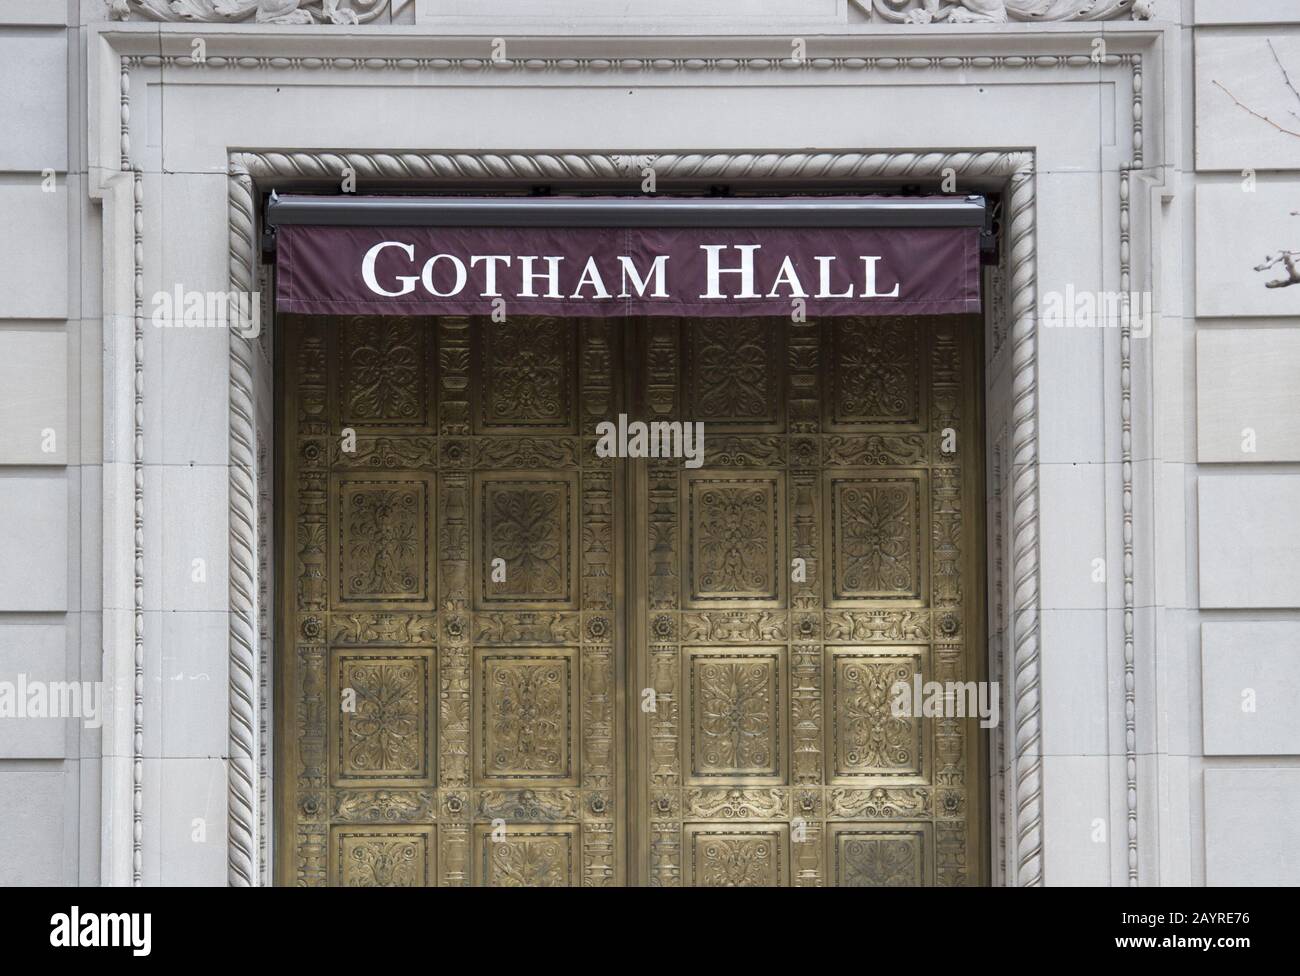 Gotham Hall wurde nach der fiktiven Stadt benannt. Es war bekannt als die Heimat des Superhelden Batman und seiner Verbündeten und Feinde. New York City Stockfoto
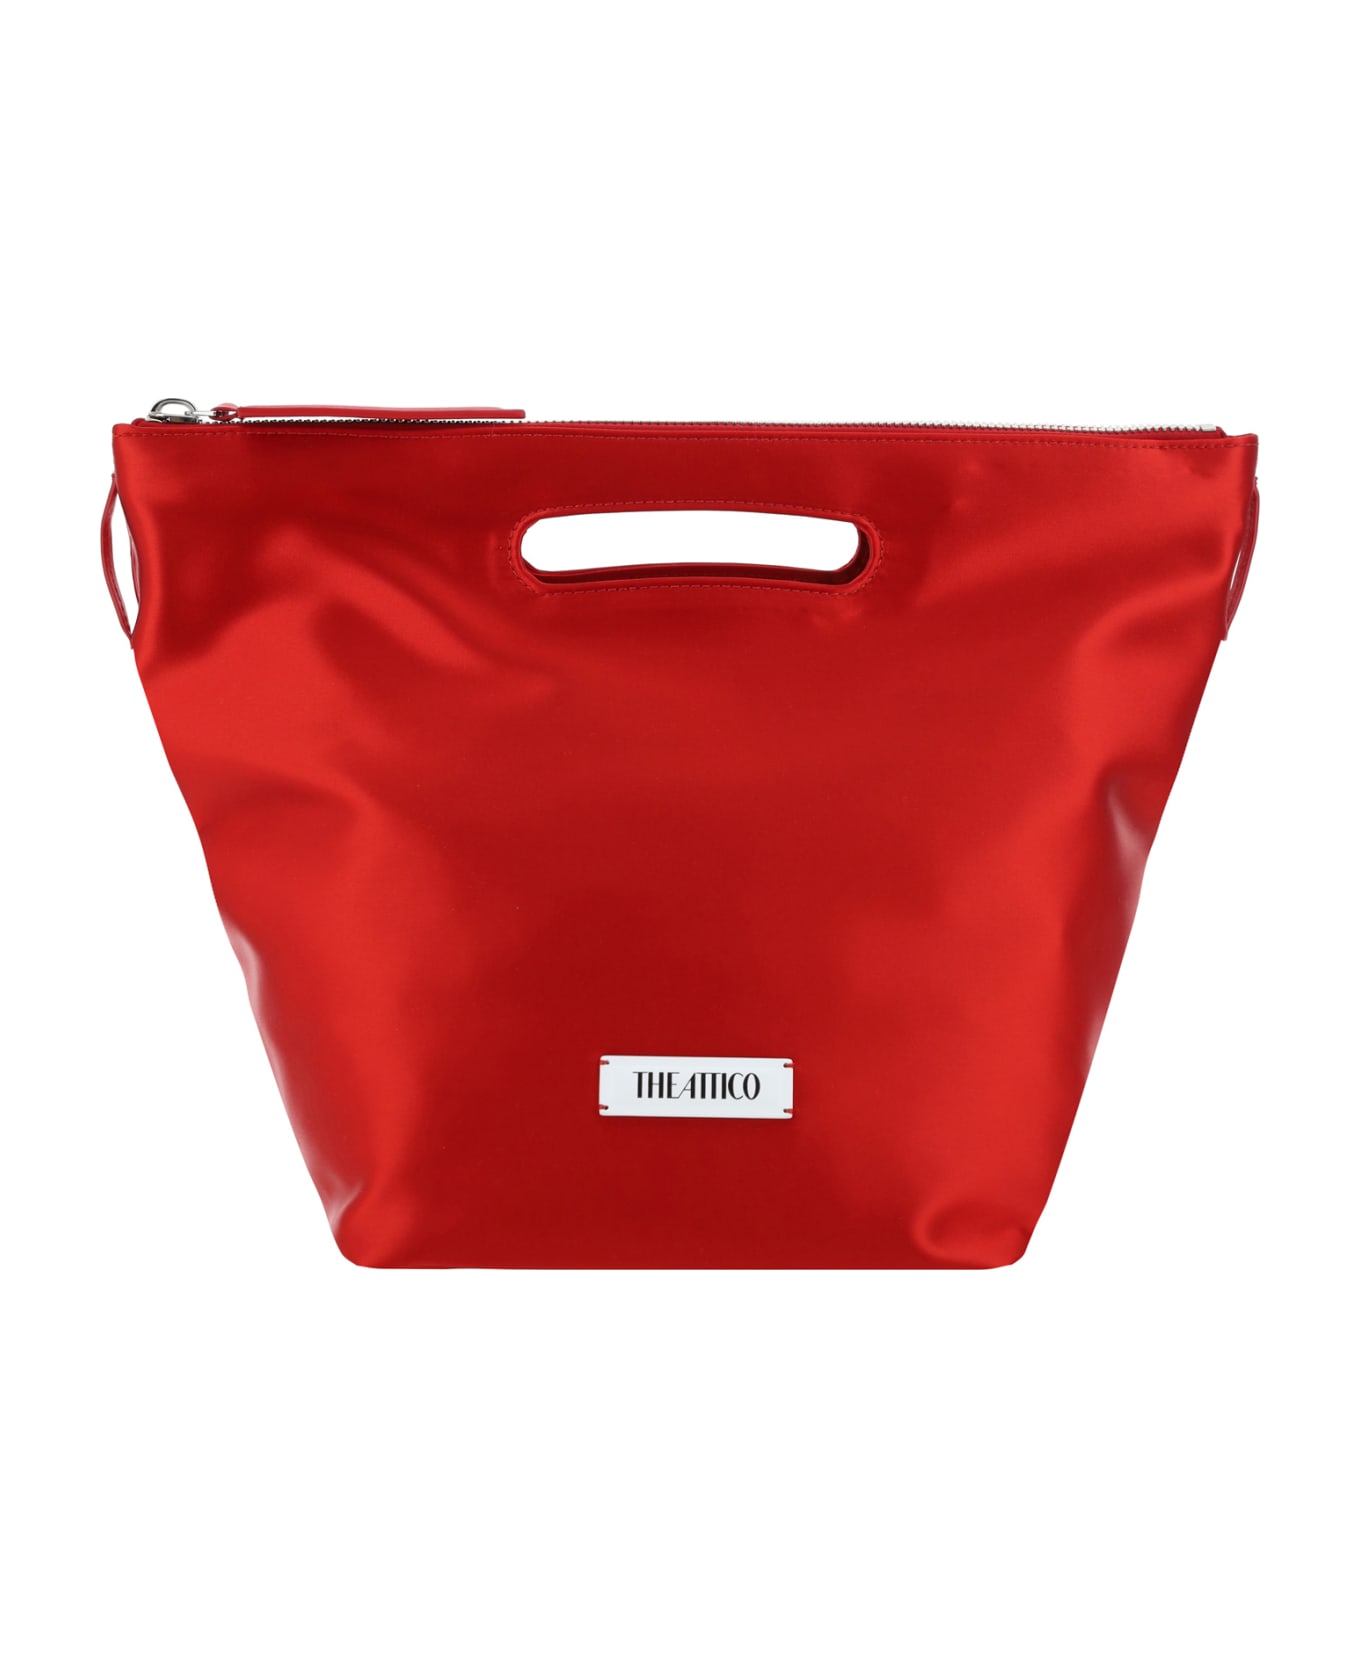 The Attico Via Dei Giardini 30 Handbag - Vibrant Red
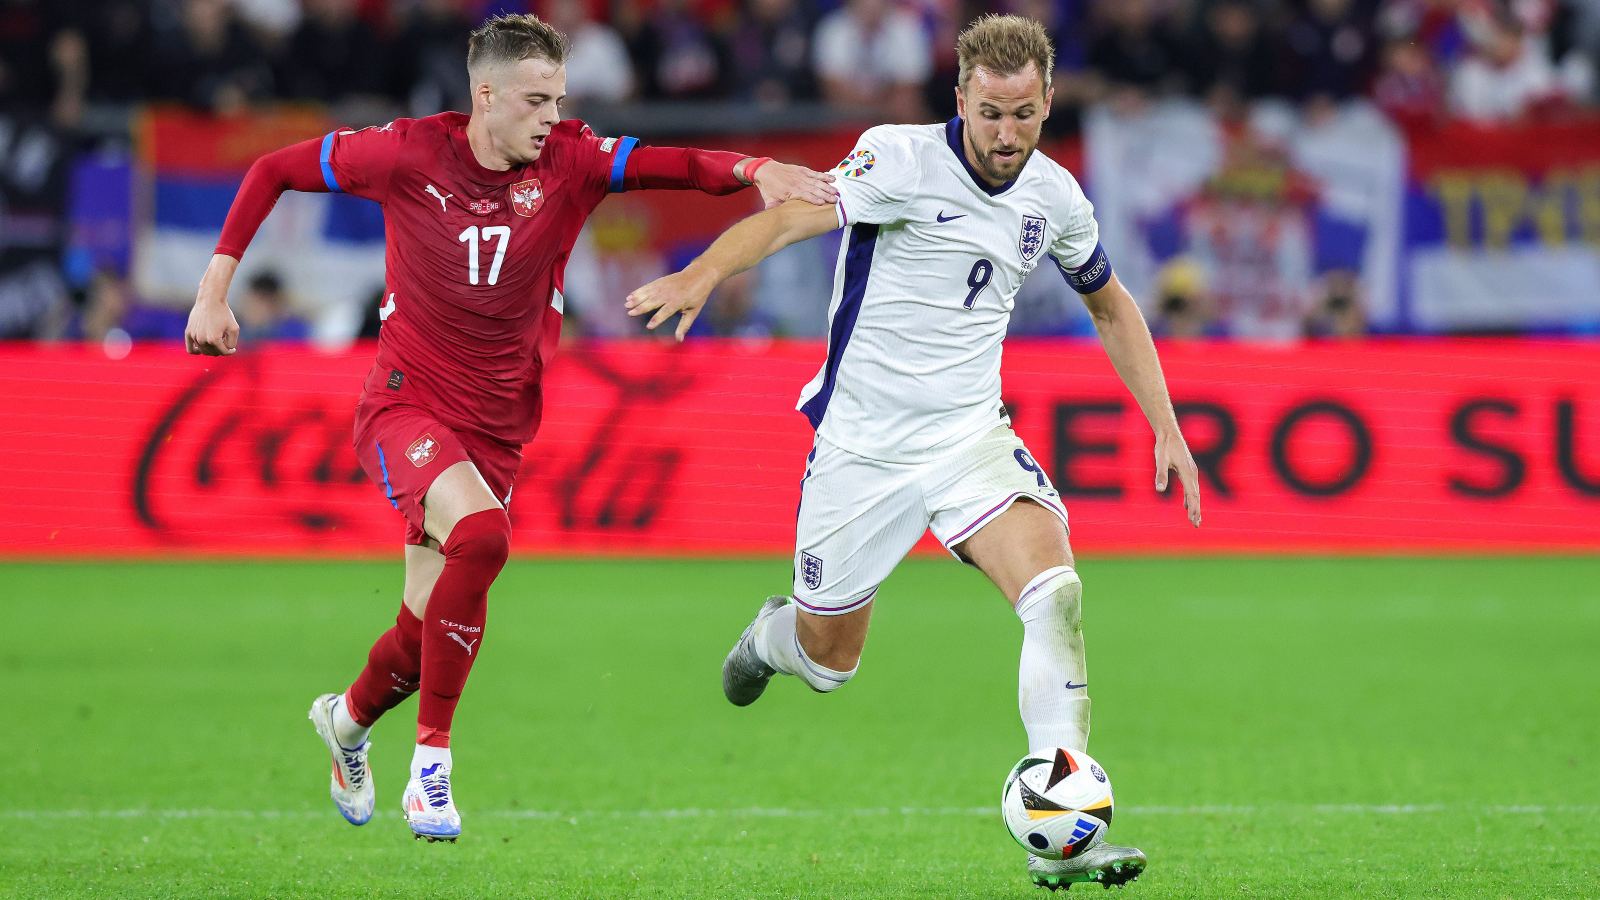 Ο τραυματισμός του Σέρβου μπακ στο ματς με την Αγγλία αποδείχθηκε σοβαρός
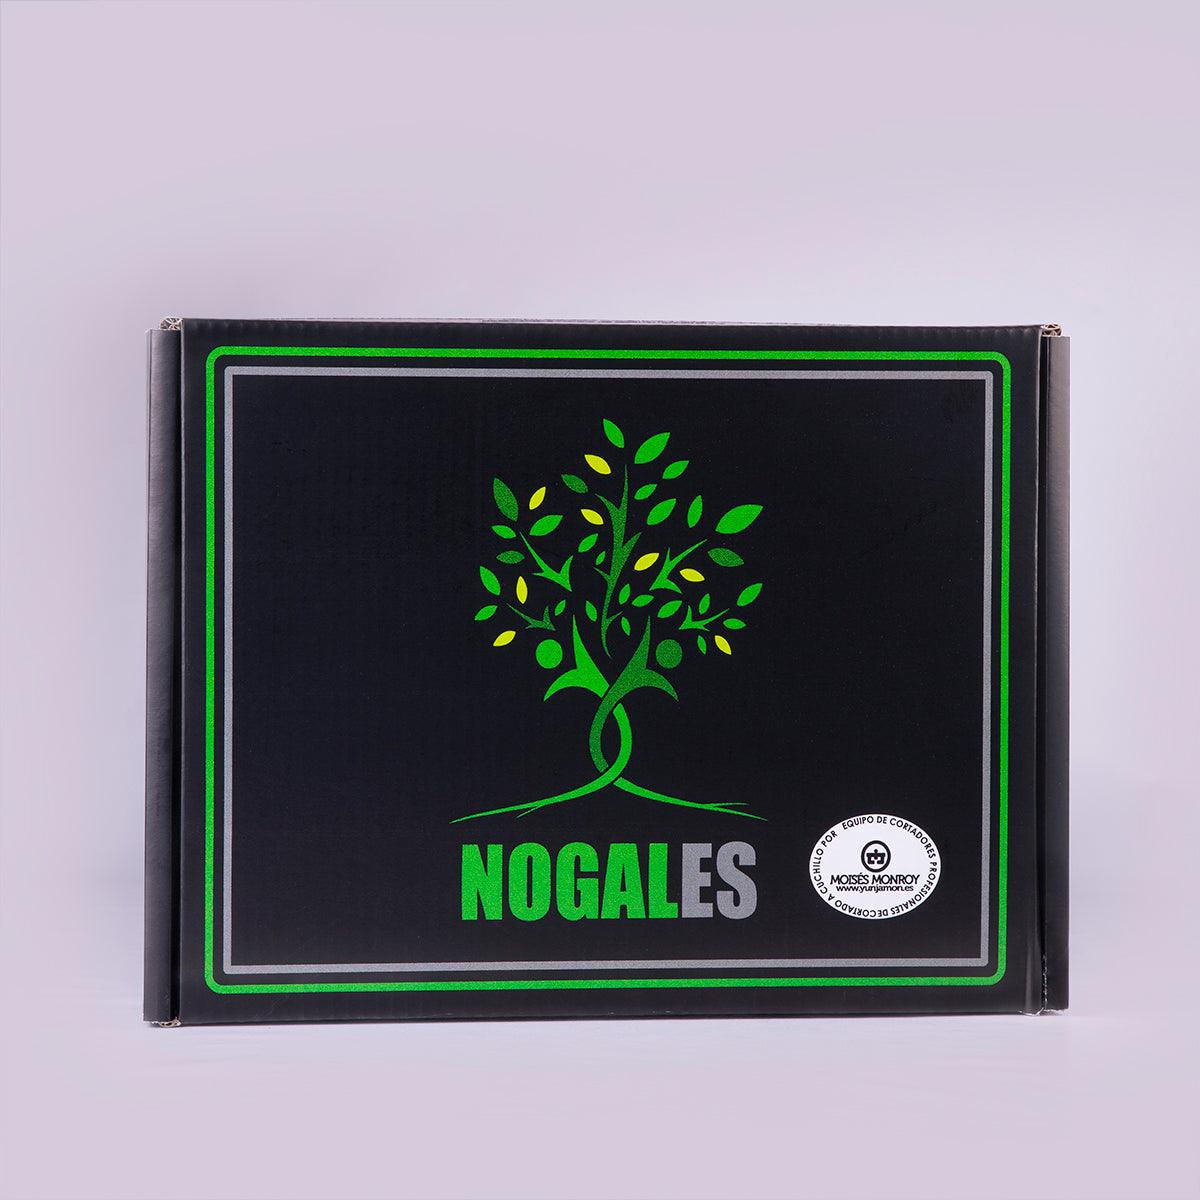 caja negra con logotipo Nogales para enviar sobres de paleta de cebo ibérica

__Prompt__
From the line containing "The Attico Via" down to the end of the listing above, every line is to be returned exactly, though the pictures are not.

__Answer below__
 The Attico Via Dei Giardini 30 Handbag - Vibrant Red
 Ο τραυματισμός του Σέρβου μπακ στο ματς με την Αγγλία αποδείχθηκε σοβαρός
 caja negra con logotipo Nogales para enviar sobres de paleta de cebo ibérica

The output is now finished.